== INFORMATION SUPPLIED ==

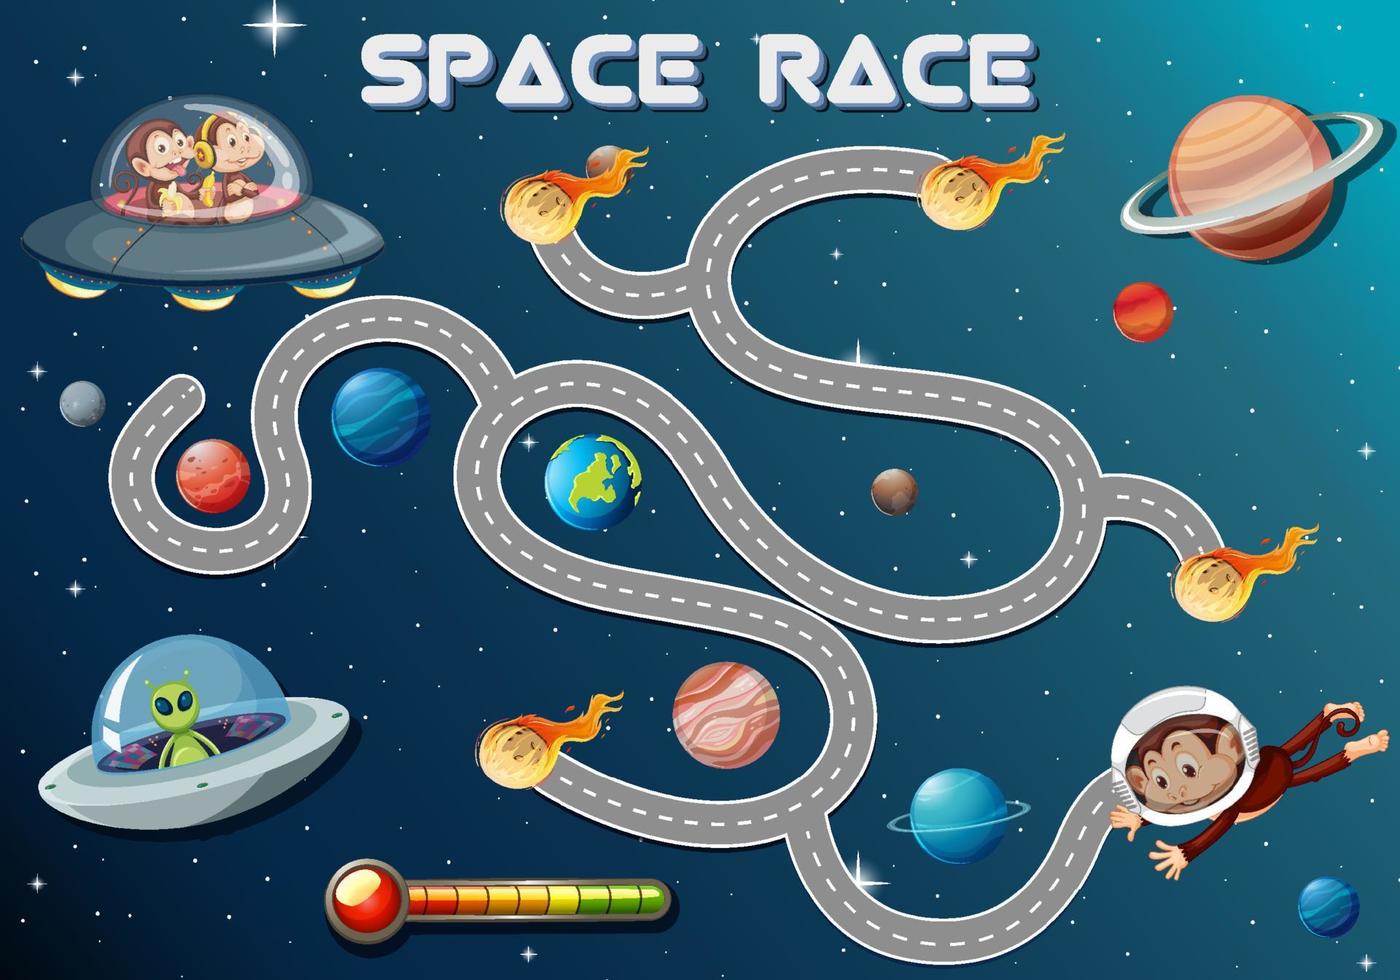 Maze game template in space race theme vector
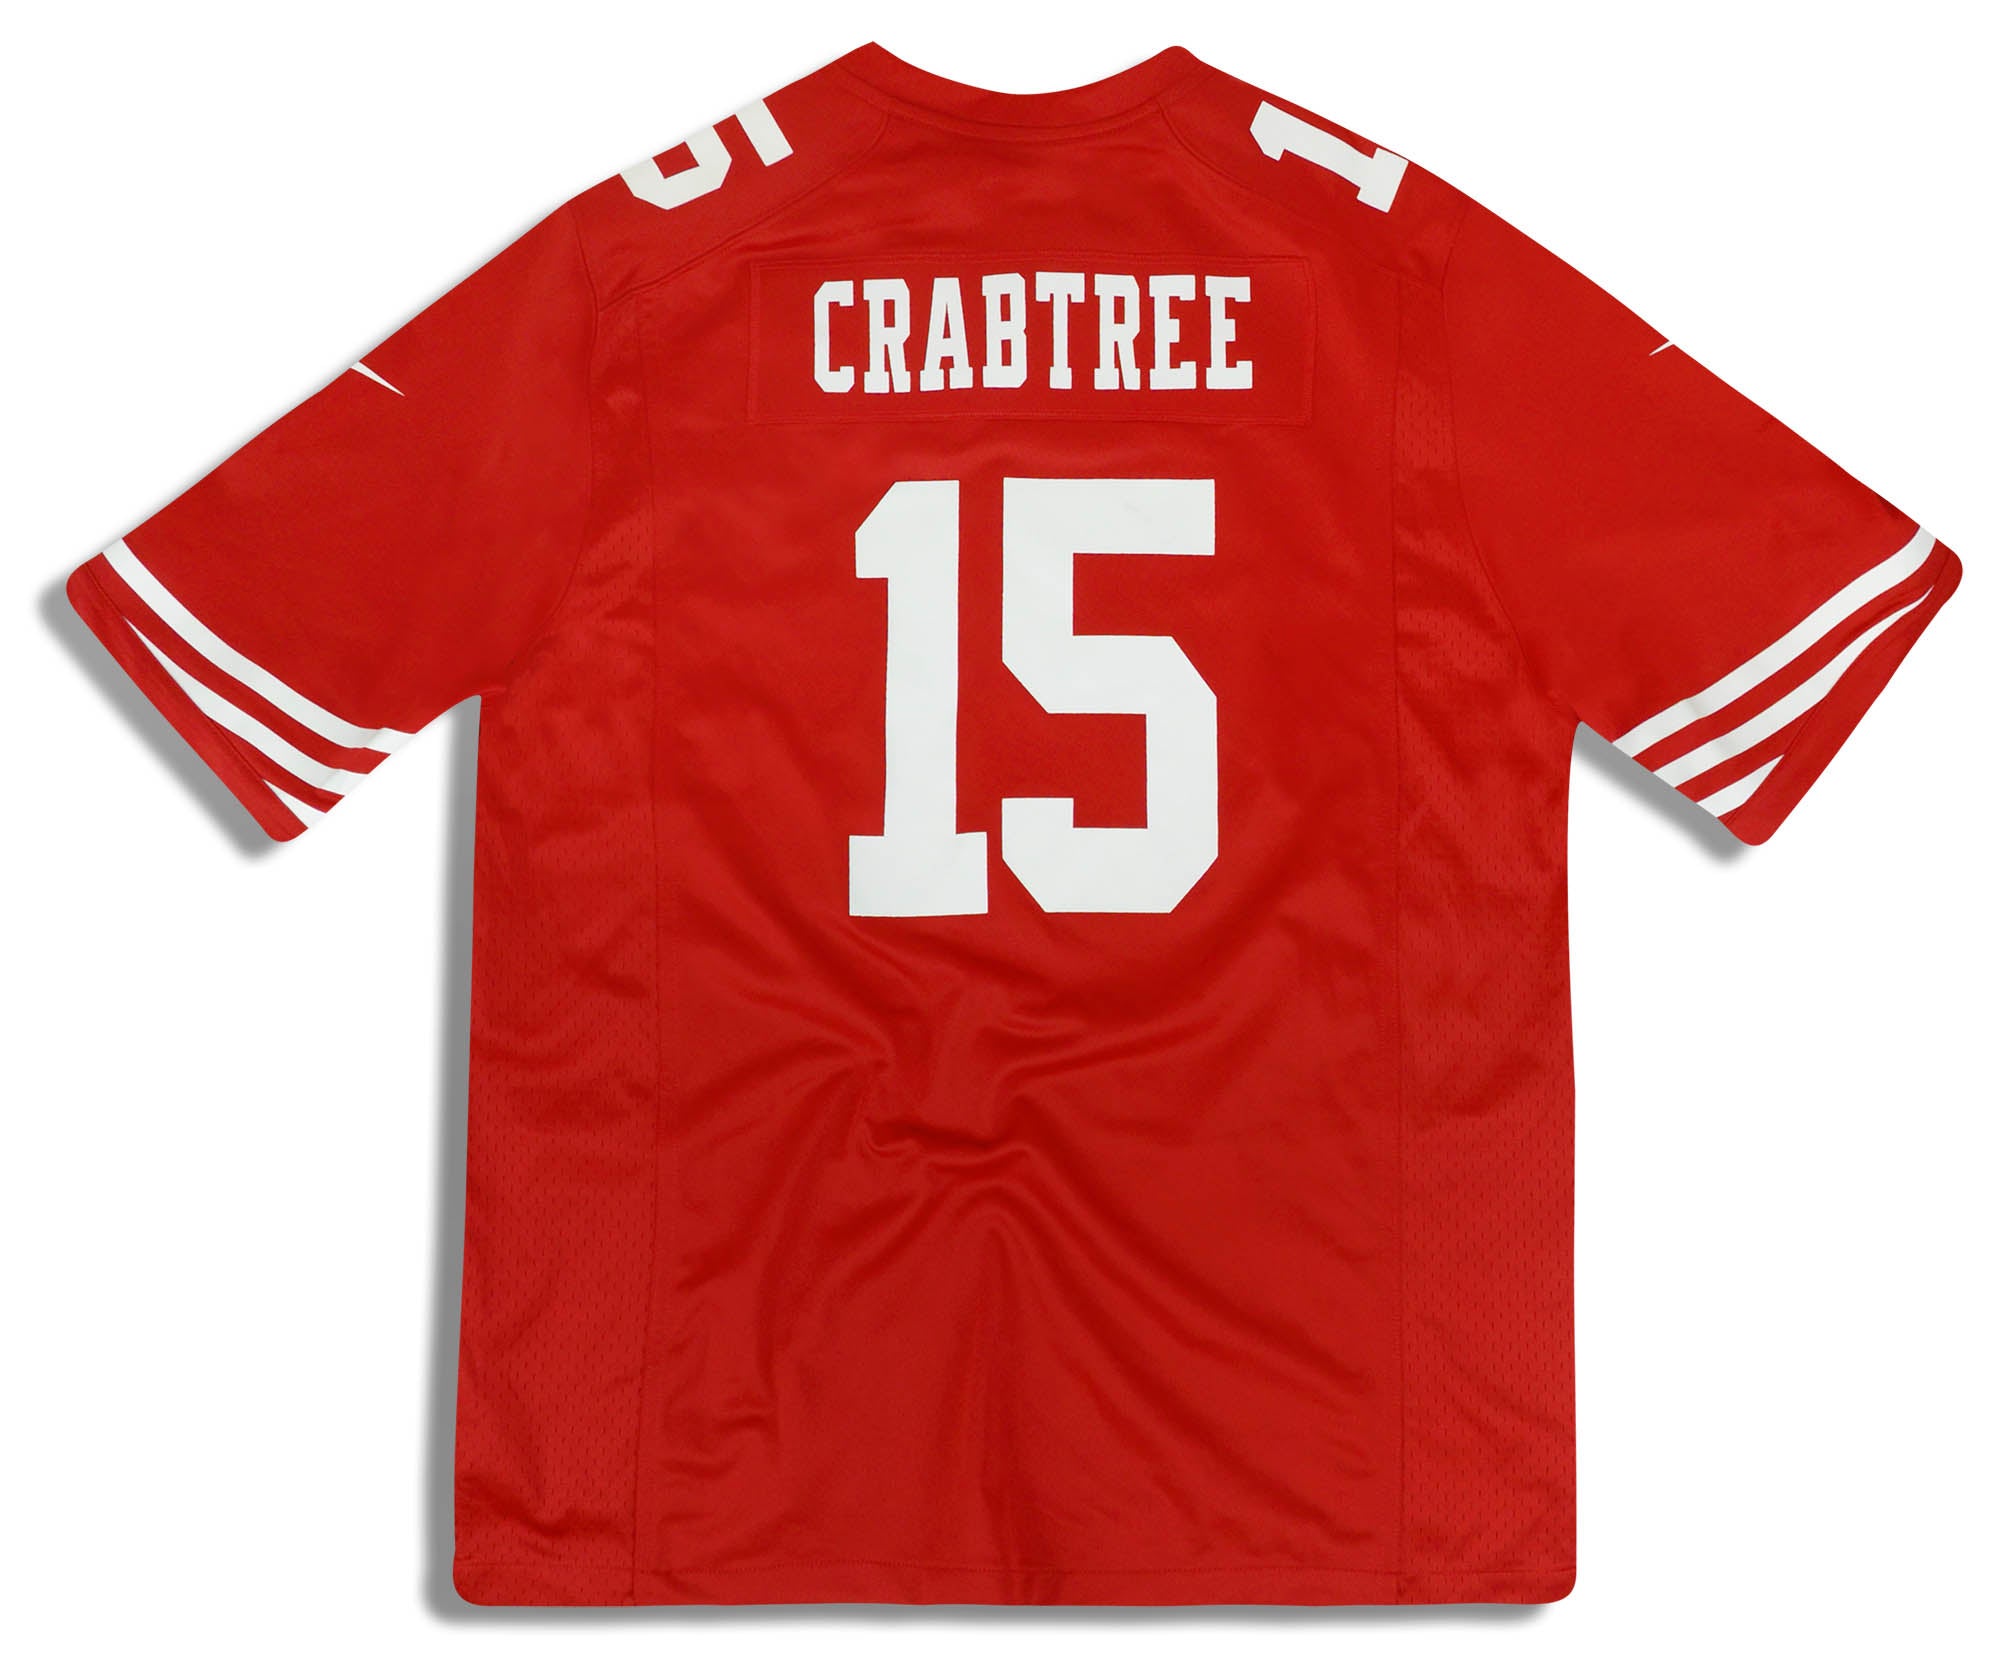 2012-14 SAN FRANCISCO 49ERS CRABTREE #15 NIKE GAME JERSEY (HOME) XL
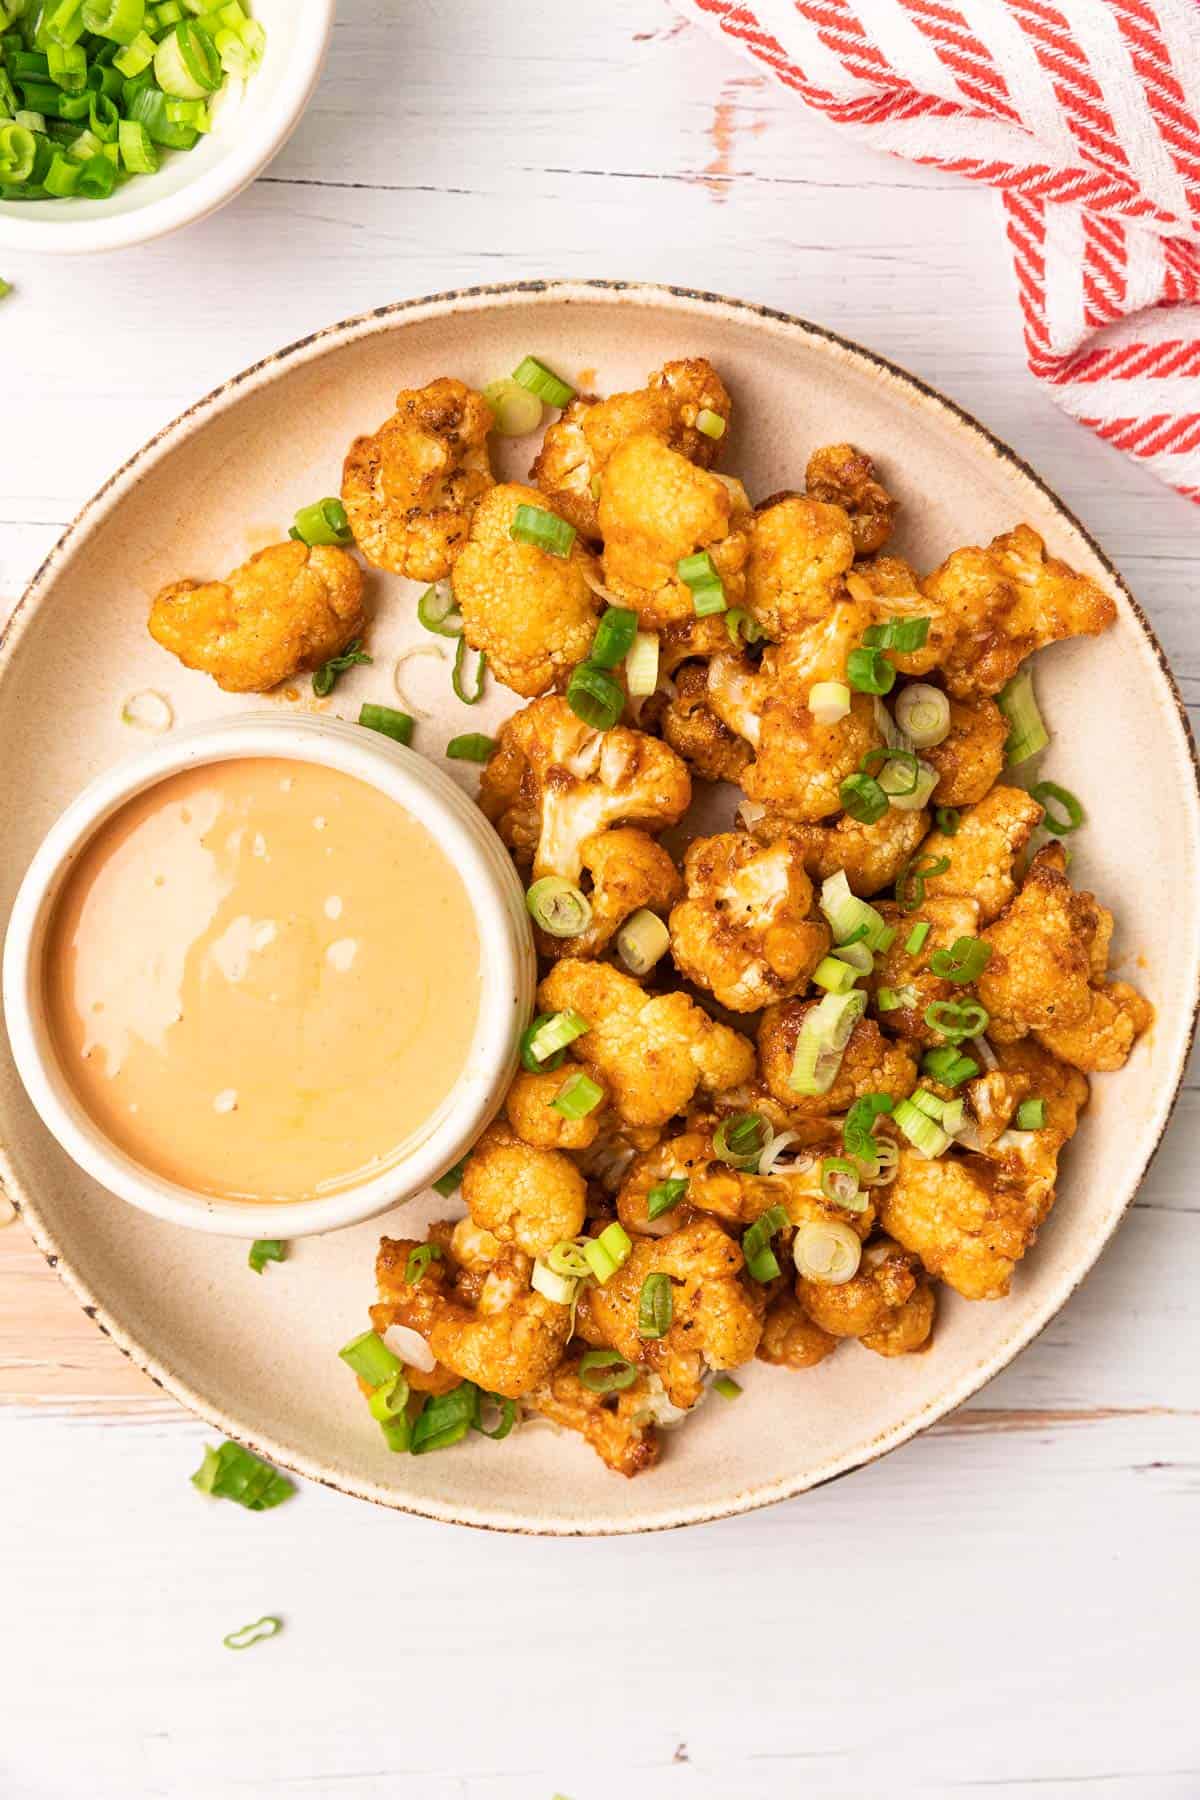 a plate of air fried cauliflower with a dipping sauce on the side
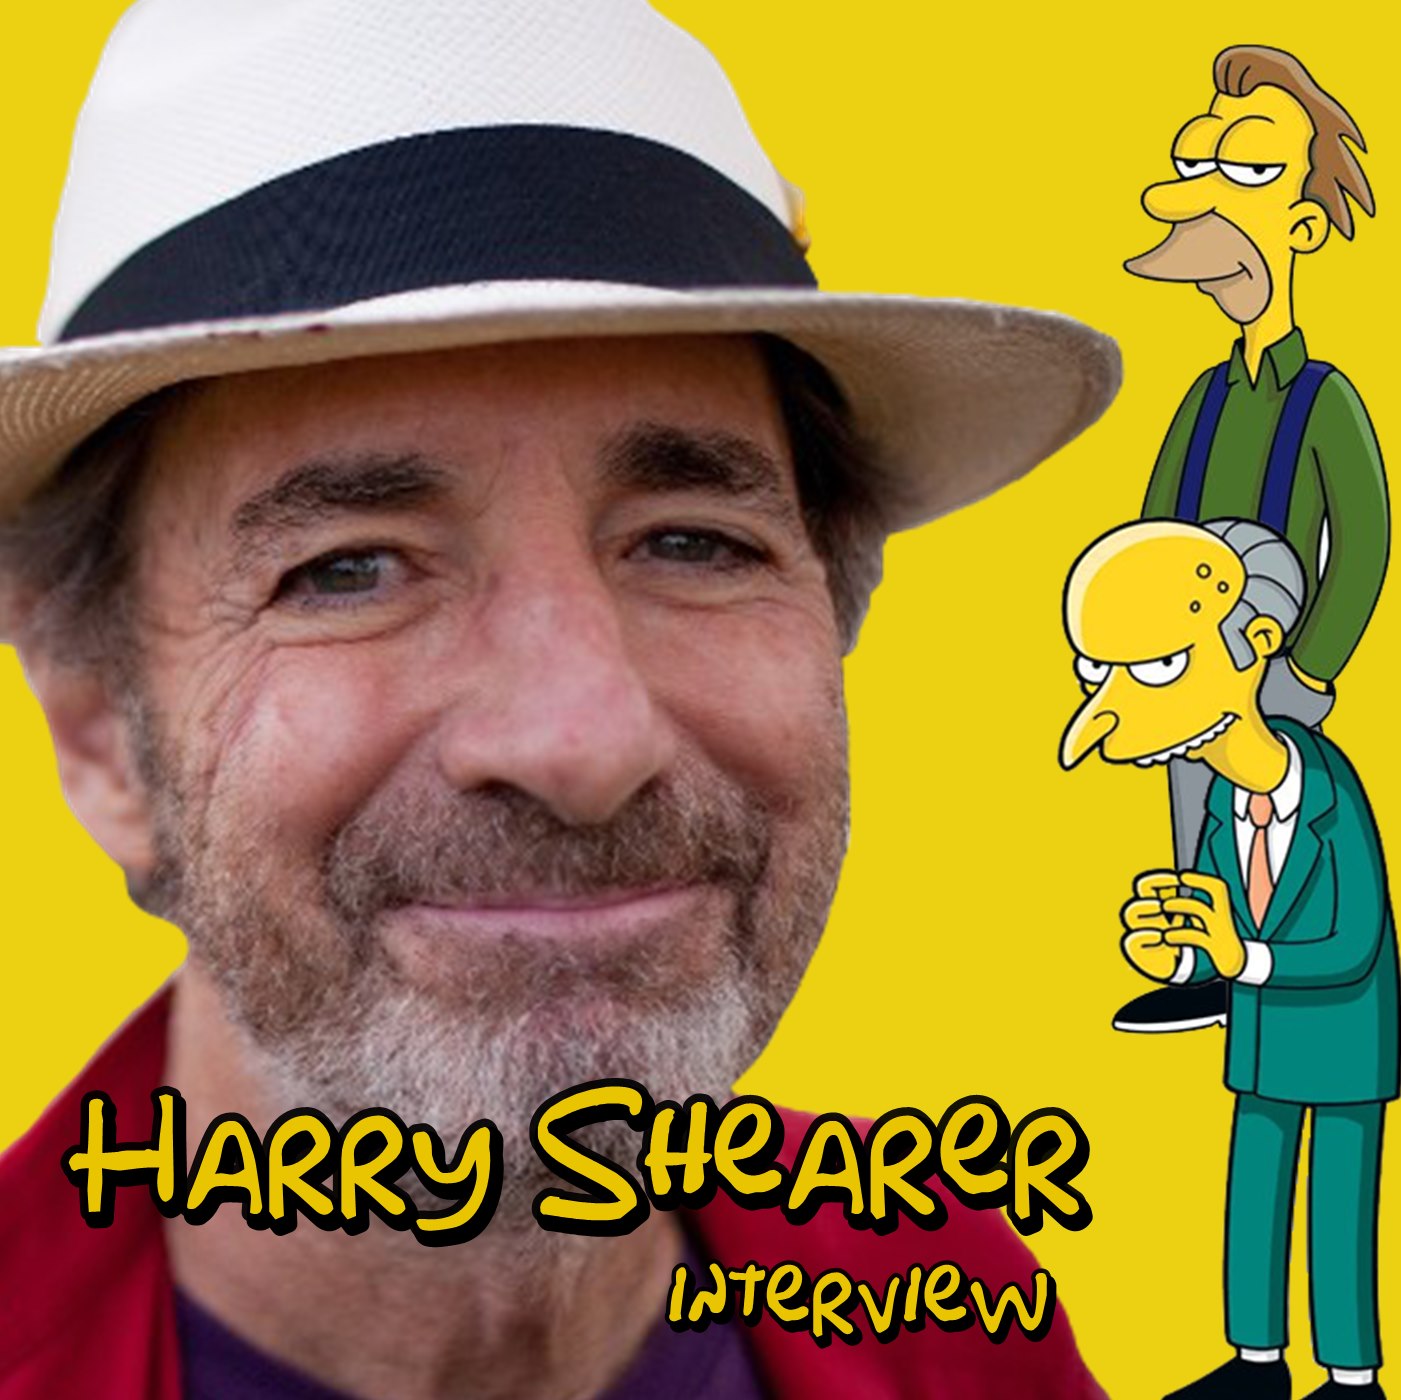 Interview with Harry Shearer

===

* REQUIRED WORK: Drop the pictures, then reproduce exactly the lines from the one with "a plate of air" through the final line of the listing.

* REPLY TO THE EXERCISE:
 a plate of air fried cauliflower with a dipping sauce on the side
 Interview with Harry Shearer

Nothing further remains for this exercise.